Metropolitan Transportation: A Program for Action, also known as simply the Program for Action or the New Routes Program, was a proposal in the mid-1960s for a large expansion of mass transit in New York City, created under then-Mayor John Lindsay. It was one of the most ambitious expansion plans in the history of the New York City Subway, with 40 miles (64 km) of track miles to be added to the New York City Subway within Queens alone. The $2.9 billion plan also called for improvements to other modes of mass transit, such as the present-day Long Island Rail Road and Metro-North Railroad, and further integration between mass transit and the New York City-area airport system.

Transport improvements built under the Program for Action were supposed to relieve overcrowding on existing transit modes in the New York City area. However, even though many of the lines and transport connections proposed in the Program for Action were approved, New York City nearly went bankrupt in 1975, causing all but two of these projects to be canceled due to a lack of funds. The remaining projects, the 63rd Street and Archer Avenue lines, were both dramatically truncated from their original lengths, and both lines opened much later than originally projected. In total, only six stations and 15 miles (24 km) of tracks were added under the Program for Action.

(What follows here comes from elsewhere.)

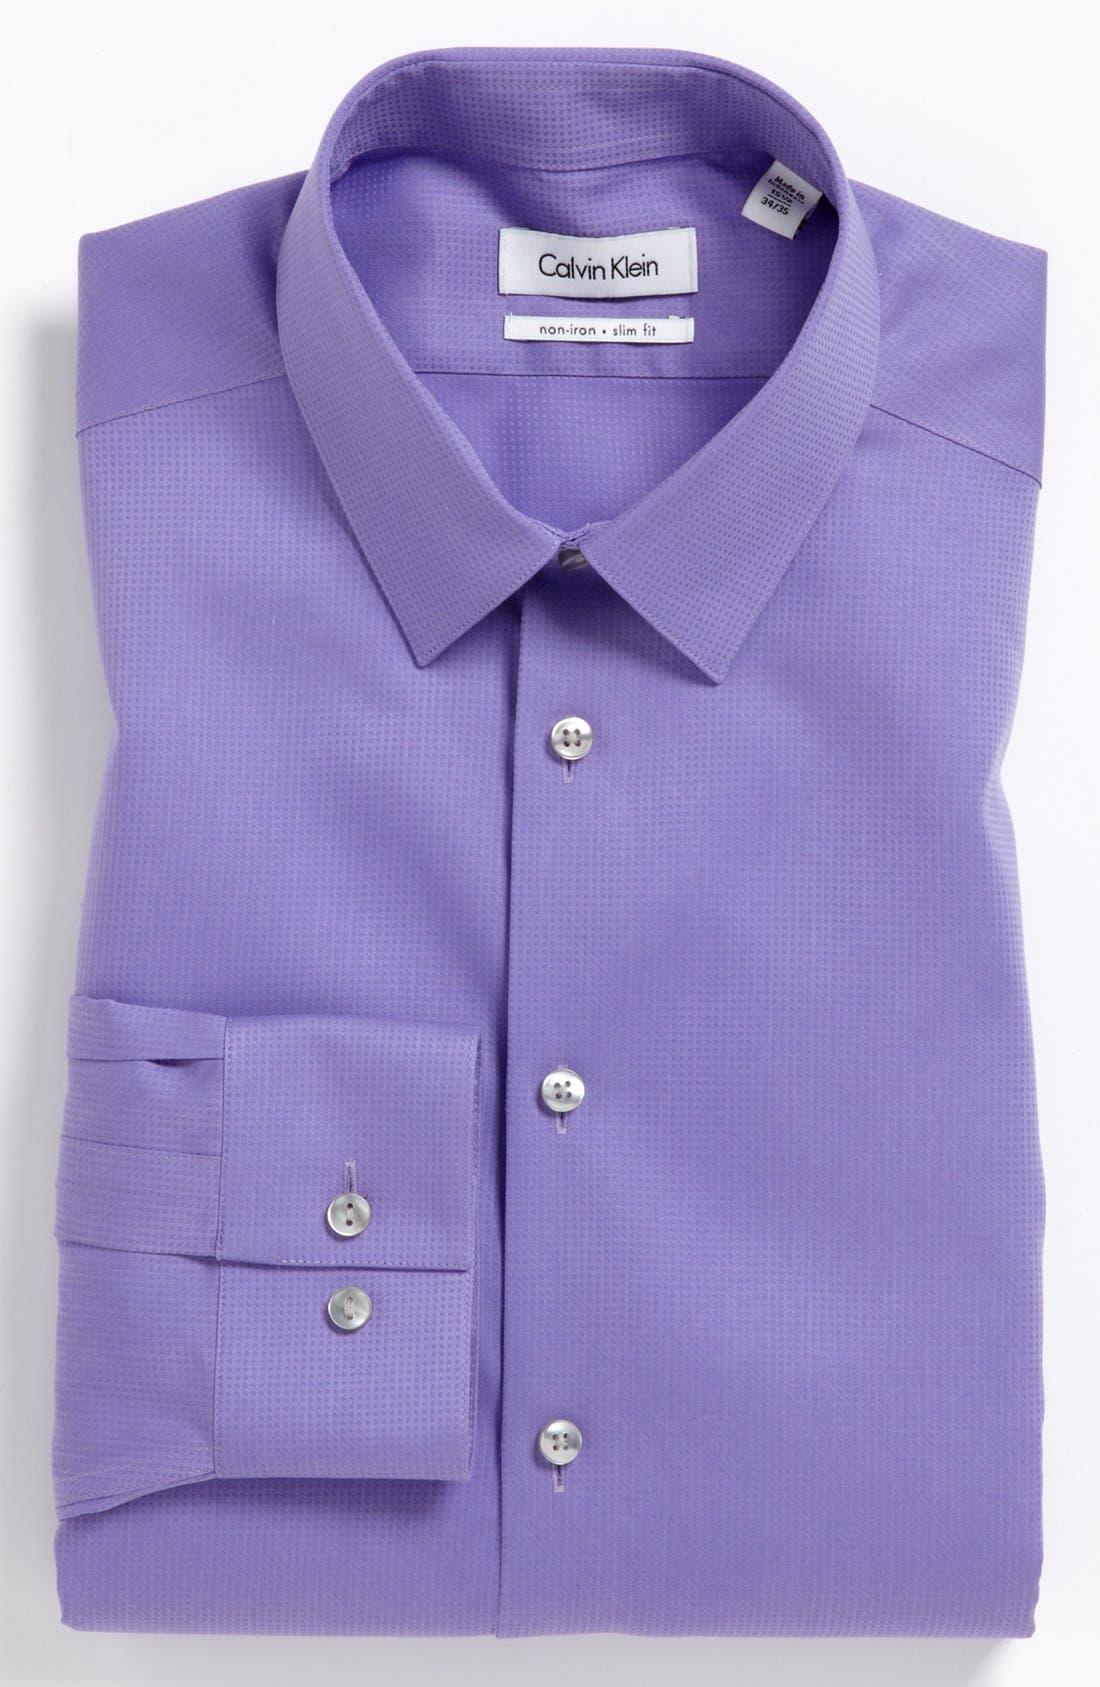 Alternate Image 1 Selected - Calvin Klein 'Miami Check' Slim Fit Non-Iron Dress Shirt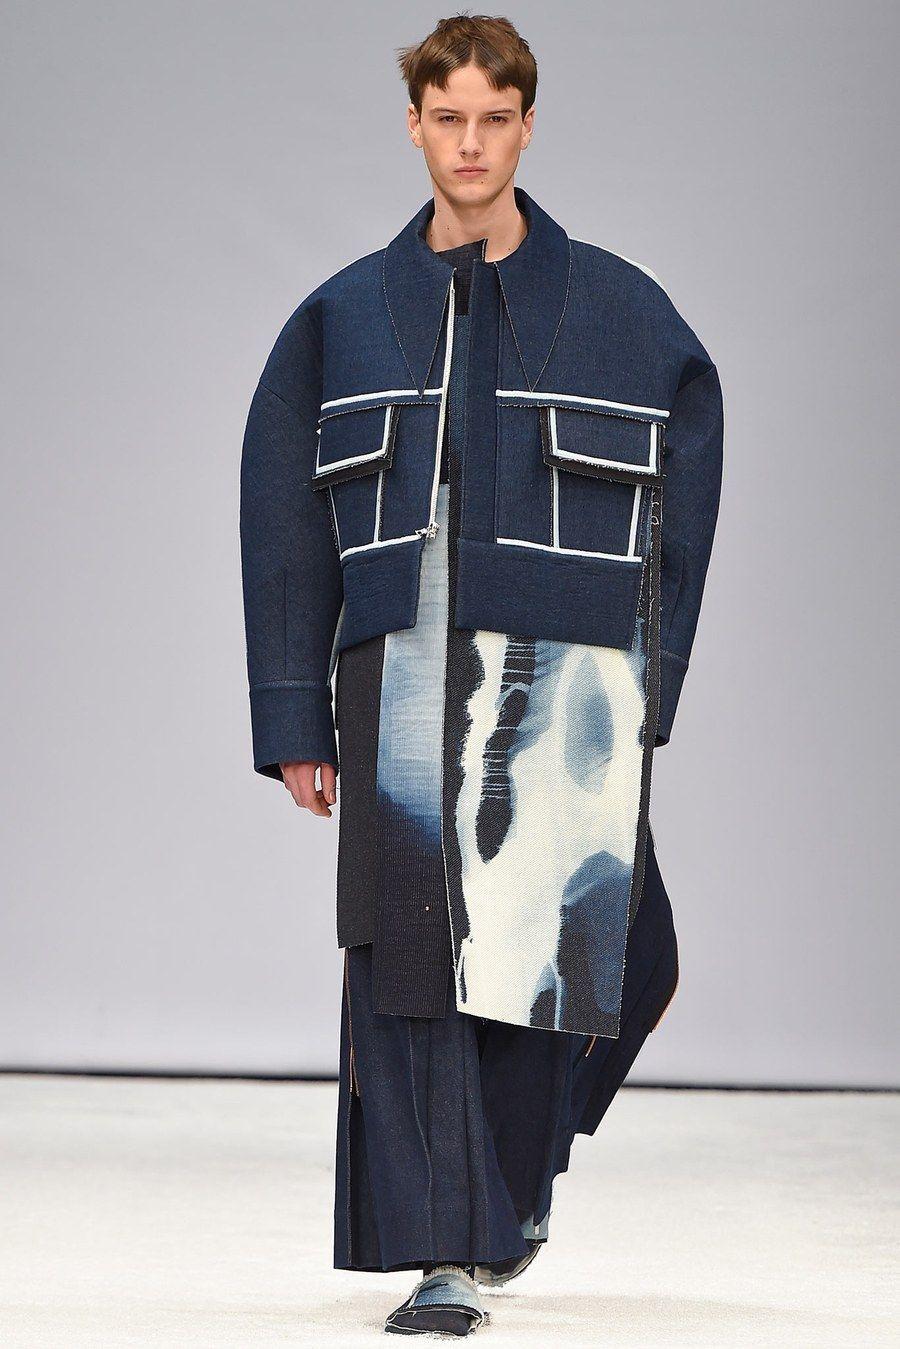 H&M Design Award Stockholm Fall 2015 Fashion Show

In the 1960s, the New York metropolitan area region had 18 million residents across 13,000 square miles (34,000 km2), and the area's population was expanding greatly at the time, especially in the suburbs, to where many city residents relocated. In 1965, the Metropolitan Commuter Transportation Authority (MCTA) was created by New York State Legislature to operate the bankrupt Long Island Rail Road. In 1968, the MCTA absorbed the New York City Transit Authority (NYCTA or TA) of New York City, and began a long-term lease of several lines of the Penn Central that would become the Metro-North Railroad. That year, US$600,000,000 (equivalent to $4,132,000,000 in 2016) was made available to the MCTA, as part of a $2.5 billion (equivalent to $17,218,000,000 in 2016) bond for transportation passed by the New York State legislature. In February of that same year, the MCTA published a 56-page report for New York Governor Nelson A. Rockefeller, and in it, proposed several subway and railroad improvements under the name "Metropolitan Transportation, a Program for Action" (alternatively called "Grand Design"). Executives involved with the proposal included New York baseball executive William Shea. The Program for Action was put forward simultaneously with other development and transportation plans under the administration of Mayor John Lindsay. This included Lindsay's Linear City plan for housing and educational facilities, and the projected construction of several Interstate Highways, many of which were originally proposed by Robert Moses. Shortly after the release of the plans, on March 1, 1968 the MCTA became the MTA.